Она всем сердцем радовалась счастью Шынар, безотлучно находилась при ней, вызвала из Стапа женщину, опытную акушерку. Сама перерезала пуповину новорожденному и стала для него киндик-шеше. «Ягненочек мой…» – она раньше, чем Шынар, прижала к себе младенца, завернутого в пеленку. Повернулась к Шынар, которая следила за ней безмерно усталыми, счастливыми, настороженными глазами. «А ты лежи! Родила сибанам сына, и довольно с тебя! Не хвастайся! Не ревнуй ко мне!» – Улпан не сдержалась и горько заплакала.
У Шынар глаза тоже были полны слез. Как она хотела бы сказать: «Что я могу поделать, бедная моя… Я мечтала – чтобы ты, ты родила первой из нас, сына бы родила! Ты же знаешь, – кто искреннее меня желает тебе счастья? Я бы даже Мусрепа не ревновала к тебе! Но не теряй надежду, не теряй, не теряй…» Но им двоим слов не надо было, чтобы понять одна другую. И Шынар перед уходом Улпан сказала ей: «Берегись, баба! Придет твое время, родишь и ты сына, а я тоже вырву его у тебя, прежде тебя накормлю своей грудью!»

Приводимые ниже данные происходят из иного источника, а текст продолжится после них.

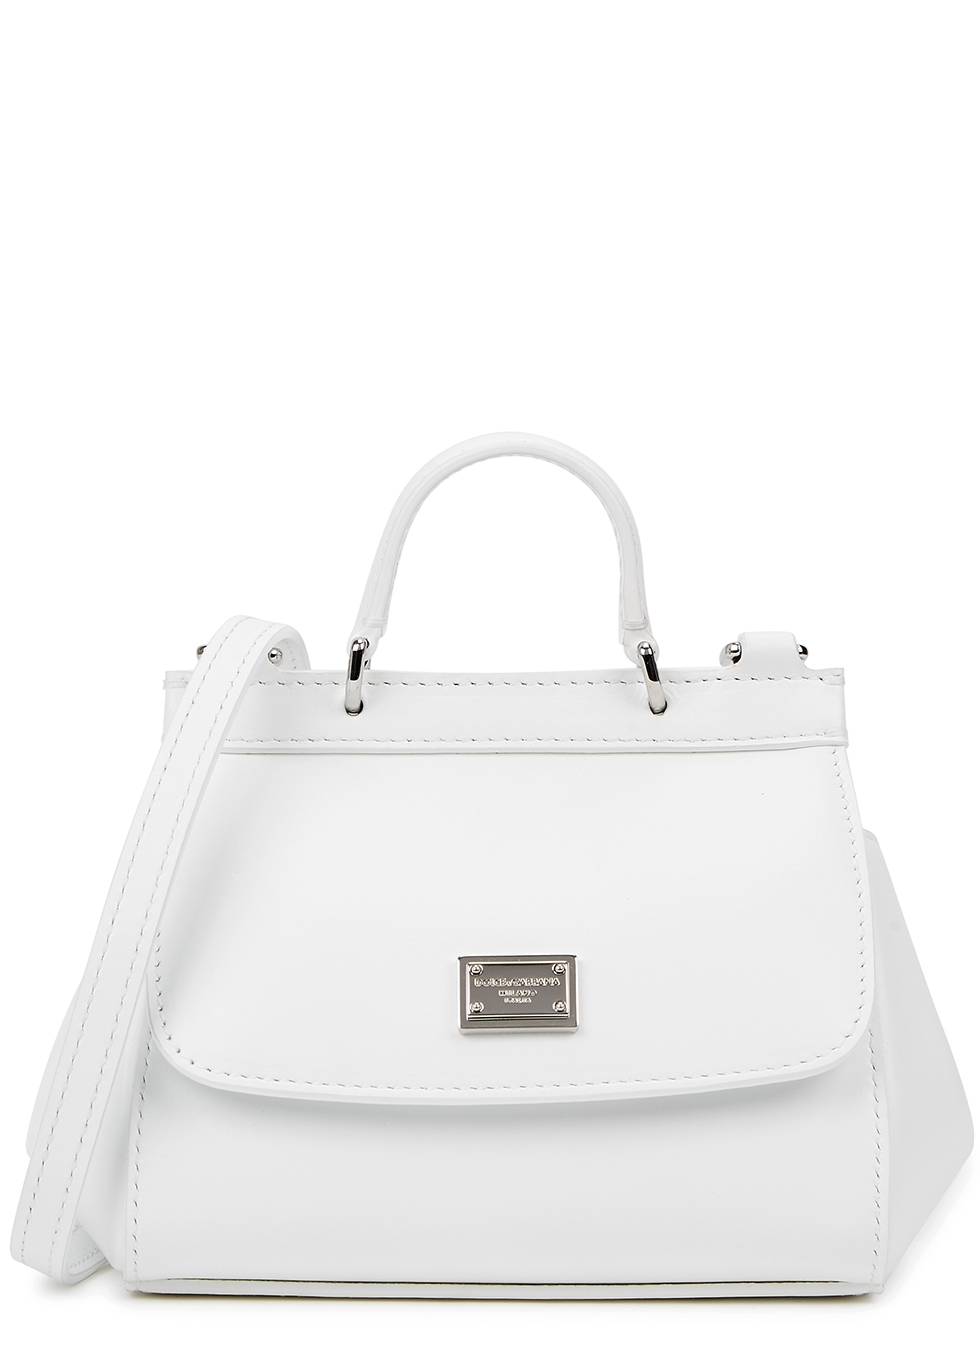 KIDS White leather top handle bag

Есенею было не легче. За всю свою жизнь, кроме той черной оспы, он ничем не болел. А теперь что с ним? Дрожь не проходила. Во рту собиралась слюна, и пена выступала на губах. Правда, он бывал ранен множество раз, не лечь бы калекой, как Артыкбай… А если и того хуже?.. Что будет с Акнар? И по шариату, будь он неладен, этот шариат, и по степным обычаям, будь они прокляты, эти обычаи, бездетная женщина не считается хозяйкой своего дома. Тем более – бездетная вдова; она достается, если умер старший, то младшему брату, а если младший умер, то его старшему брату. При этих мыслях перед ним возникало лицо Иманалы, и у Есенея дрожь пробегала по всему телу, будто снова он провалился в омут с ледяной водой.
Минувшей ночью, проснувшись, он увидел около себя неподвижную и безмолвную Улпан. Хотел протянуть к ней руку, но рука дрожала, и он не решился. Так и лежал, зажмурив глаза, с мыслями своими – неразрешимыми, беспросветными. А сейчас, за чаем, Улпан старается его подбодрить, казаться веселой. А он чем может подбодрить Улпан?
После чая Есеней попросил:
– Акнар… Скажи, чтобы мне постелили в отдельной комнате. Чтобы никто туда, кроме тебя, не входил. Один Салбыр пусть останется, и на день, и на ночь. Только переодень его, чтобы на человека был похож.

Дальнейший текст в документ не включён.